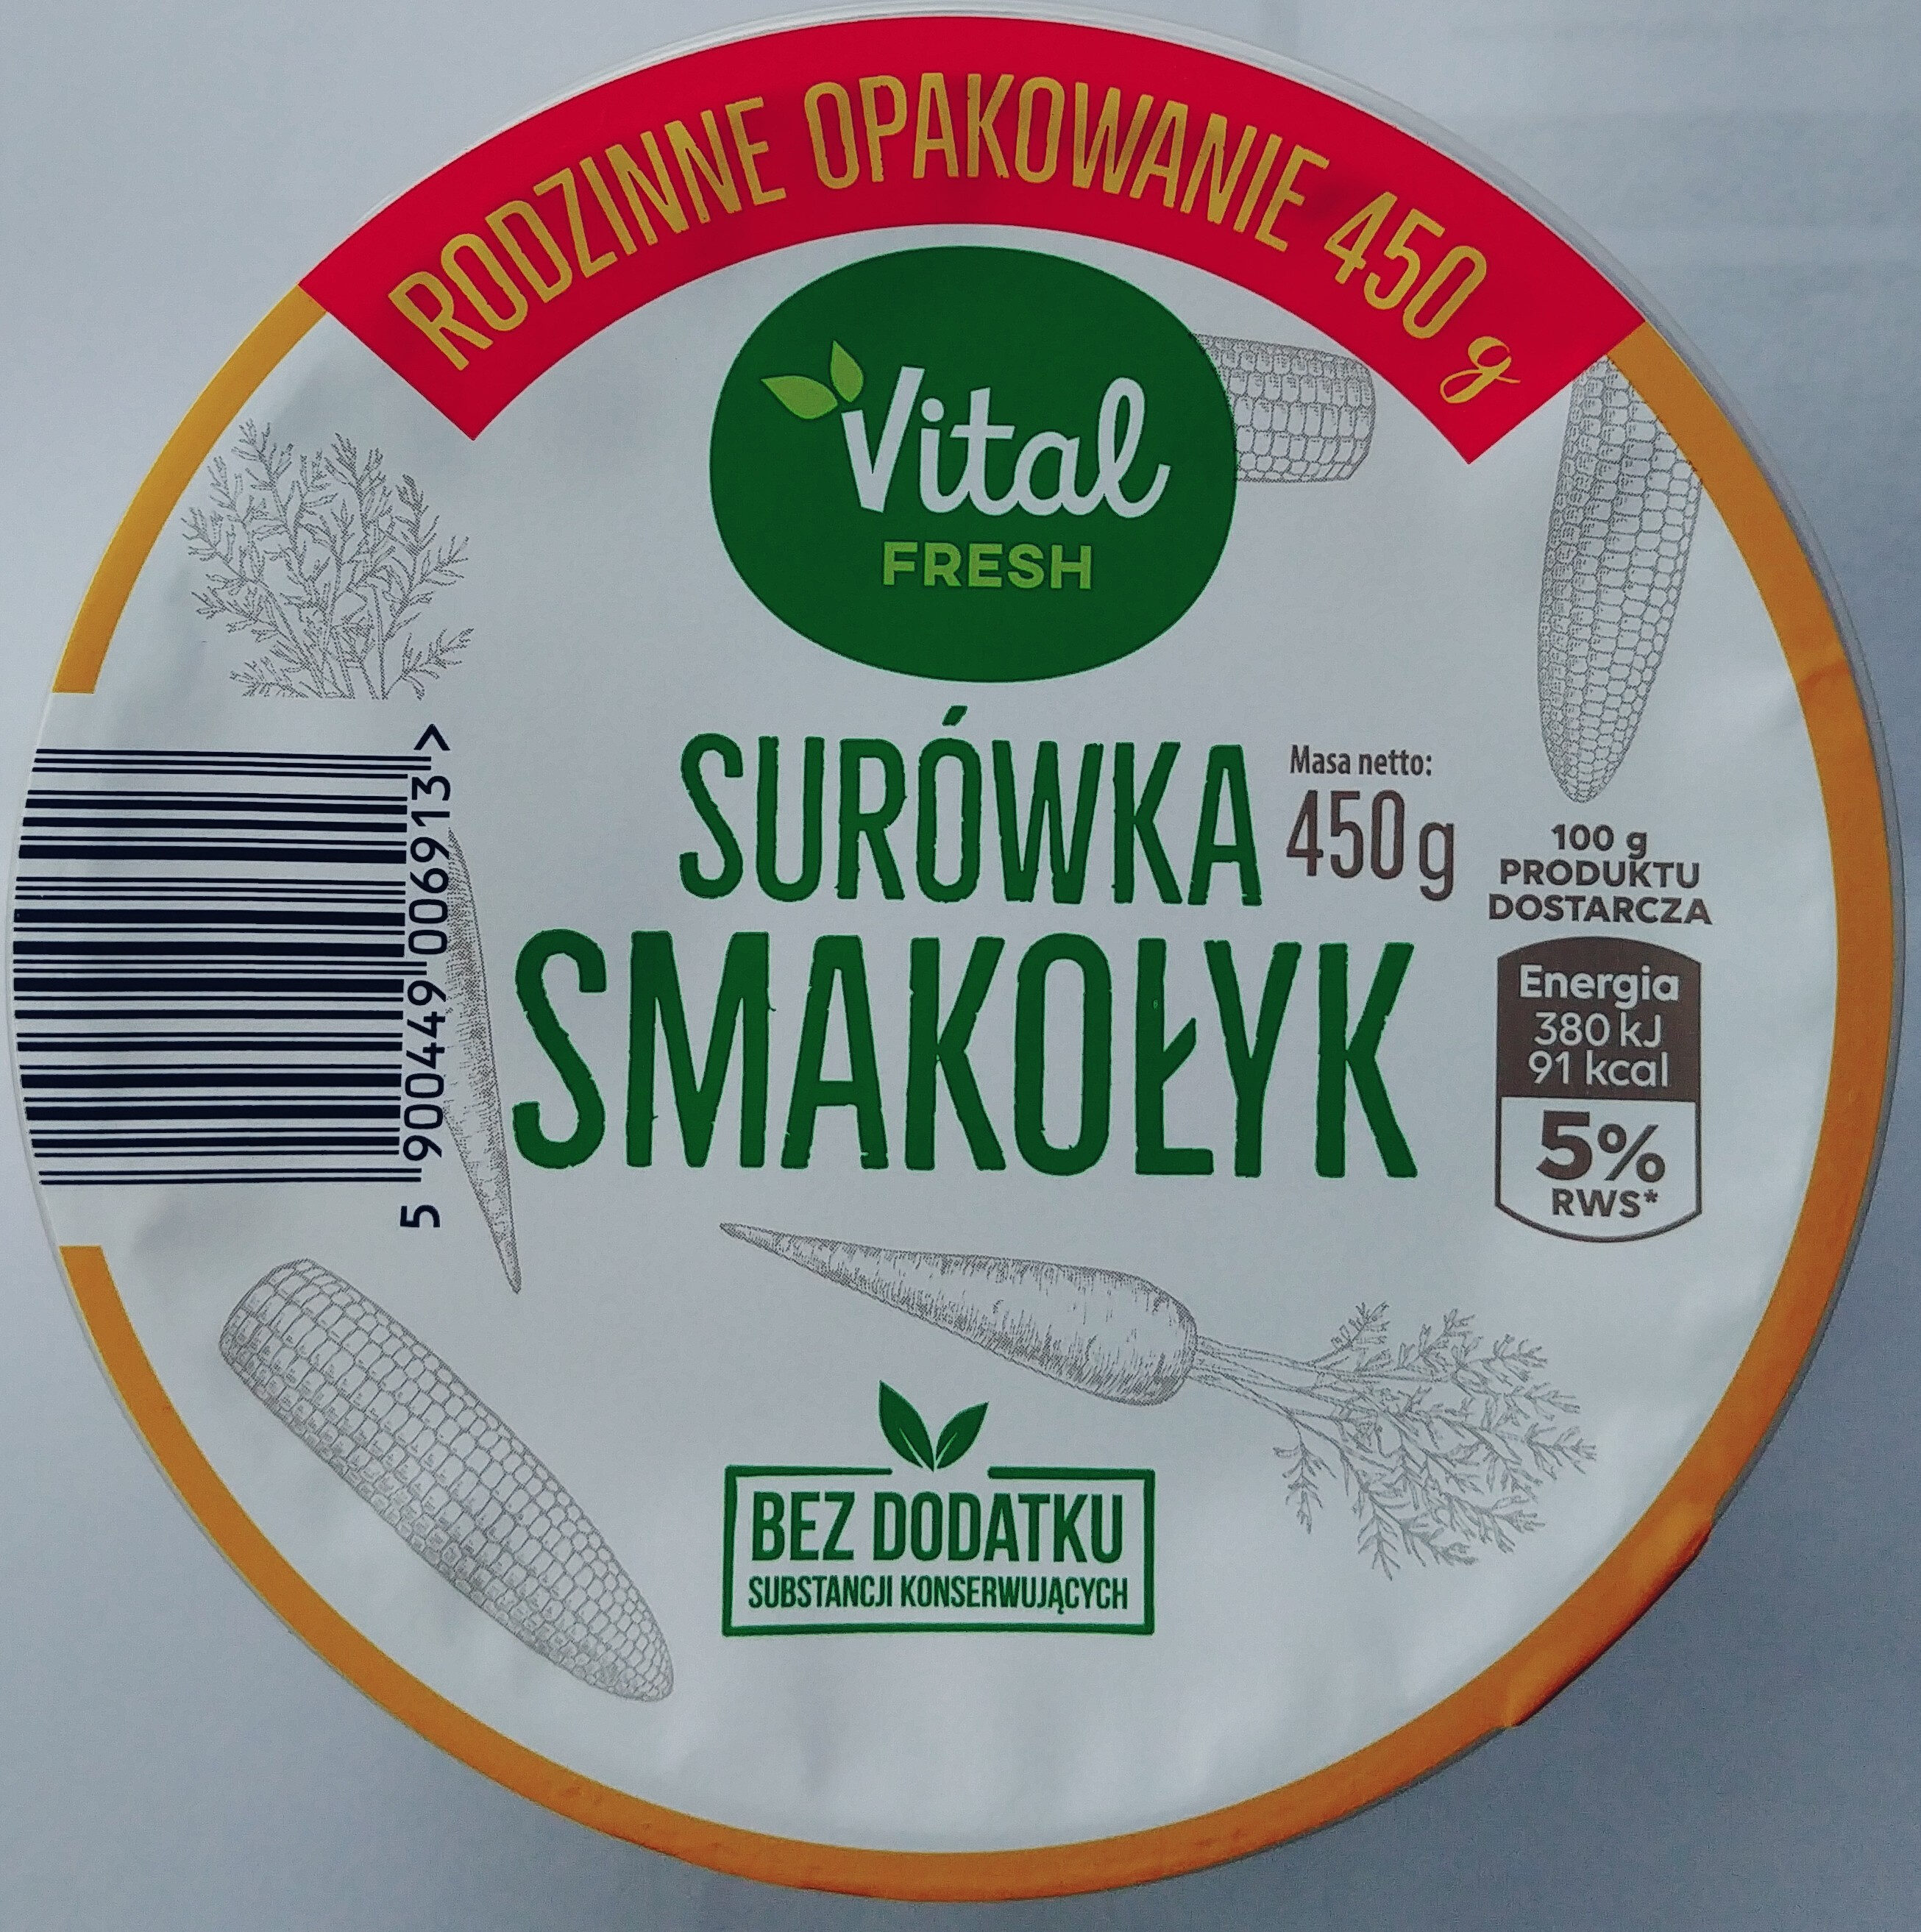 Surówka Smakołyk - Product - pl
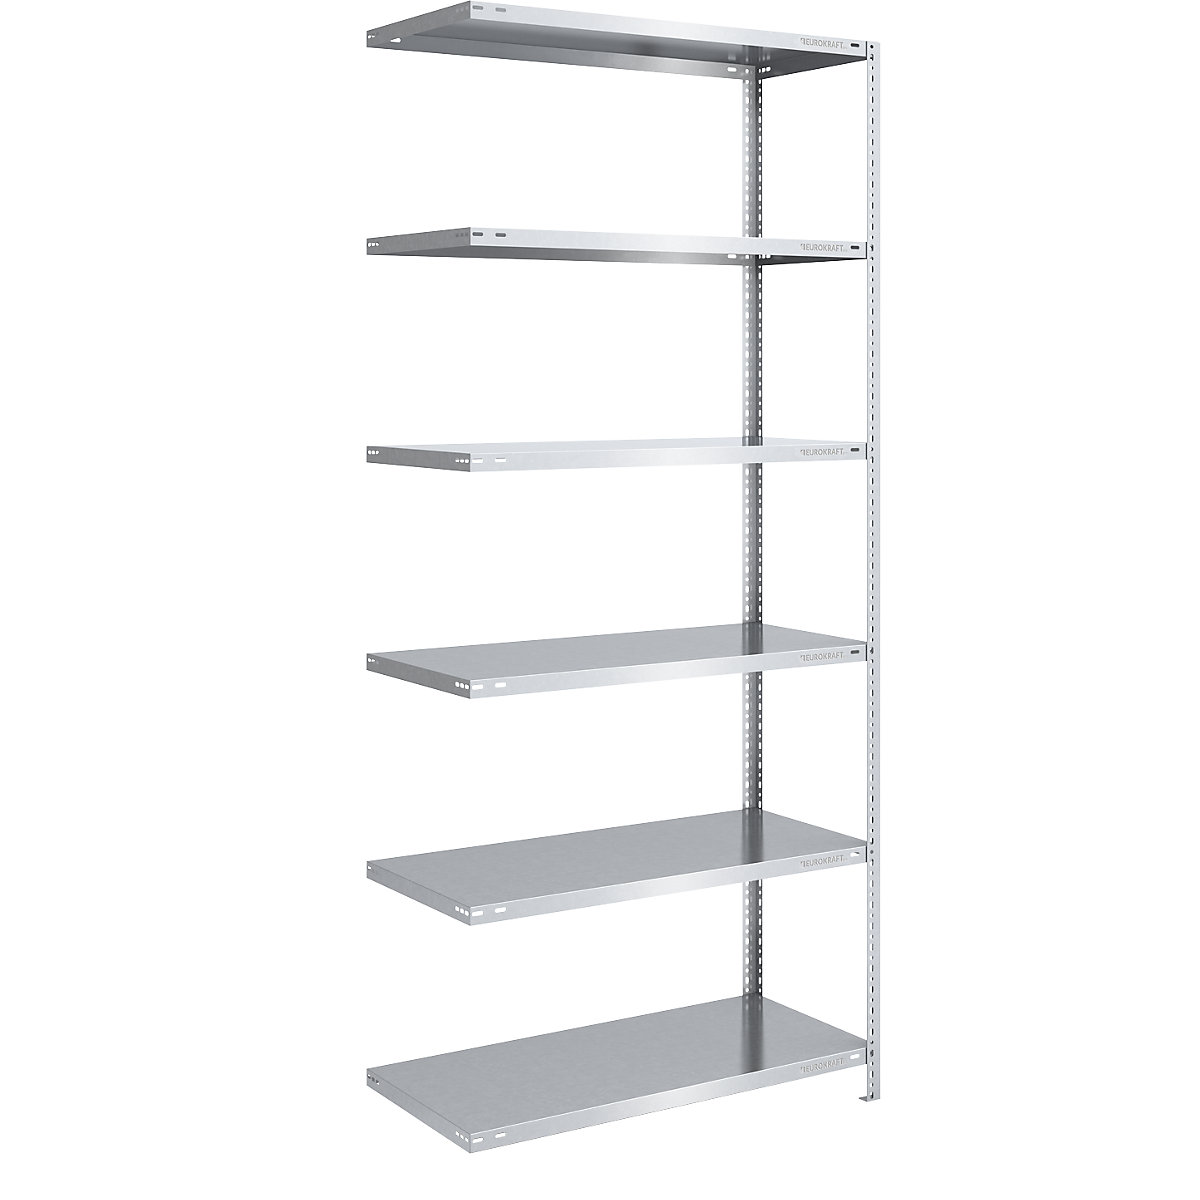 Bolt-together shelf unit, light duty, zinc plated – eurokraft pro, shelf unit height 2500 mm, shelf width 1000 mm, depth 600 mm, extension shelf unit-6
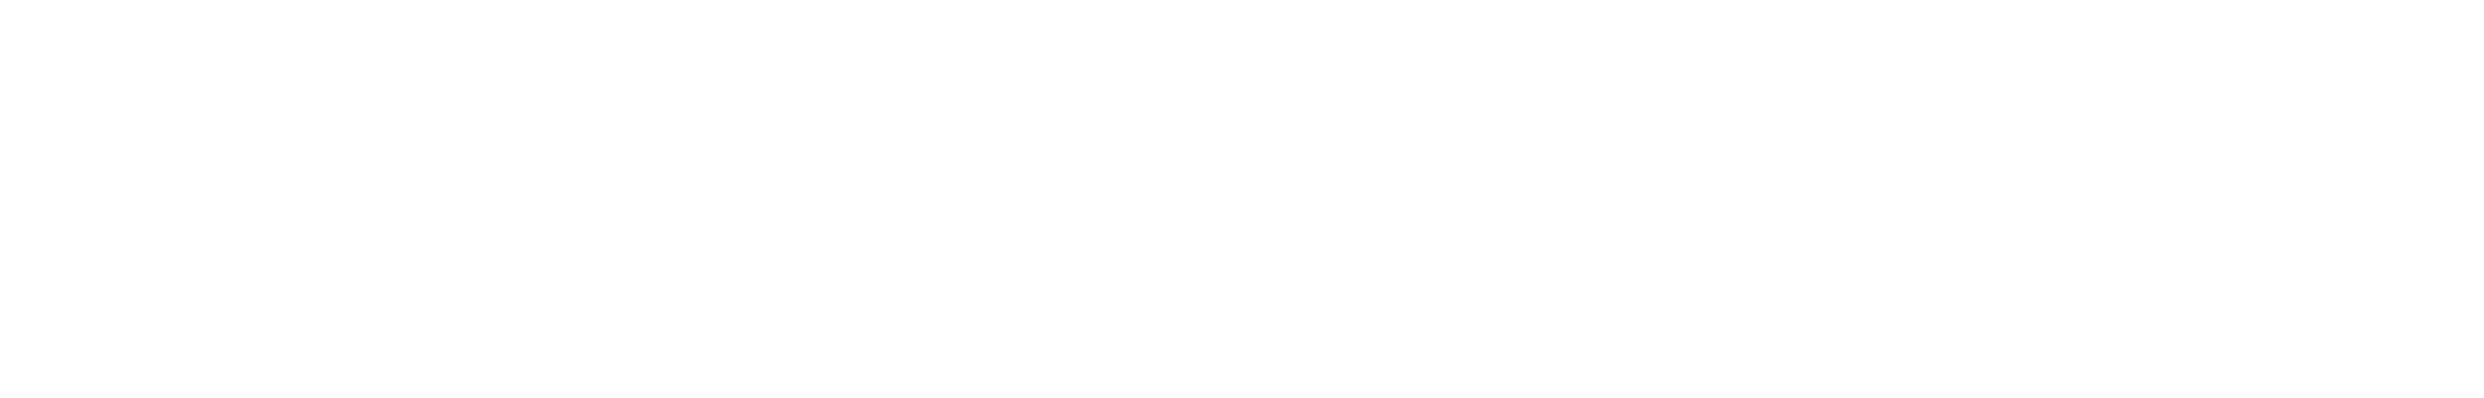 Point32Health

**Exercise goal**
Copy exactly, and only, the lines from the line containing "Bolt-together shelf unit, light" through the final line of the material above, with no pictures.

**Expected output**
 Bolt-together shelf unit, light duty, zinc plated – eurokraft pro, shelf unit height 2500 mm, shelf width 1000 mm, depth 600 mm, extension shelf unit-6
 Point32Health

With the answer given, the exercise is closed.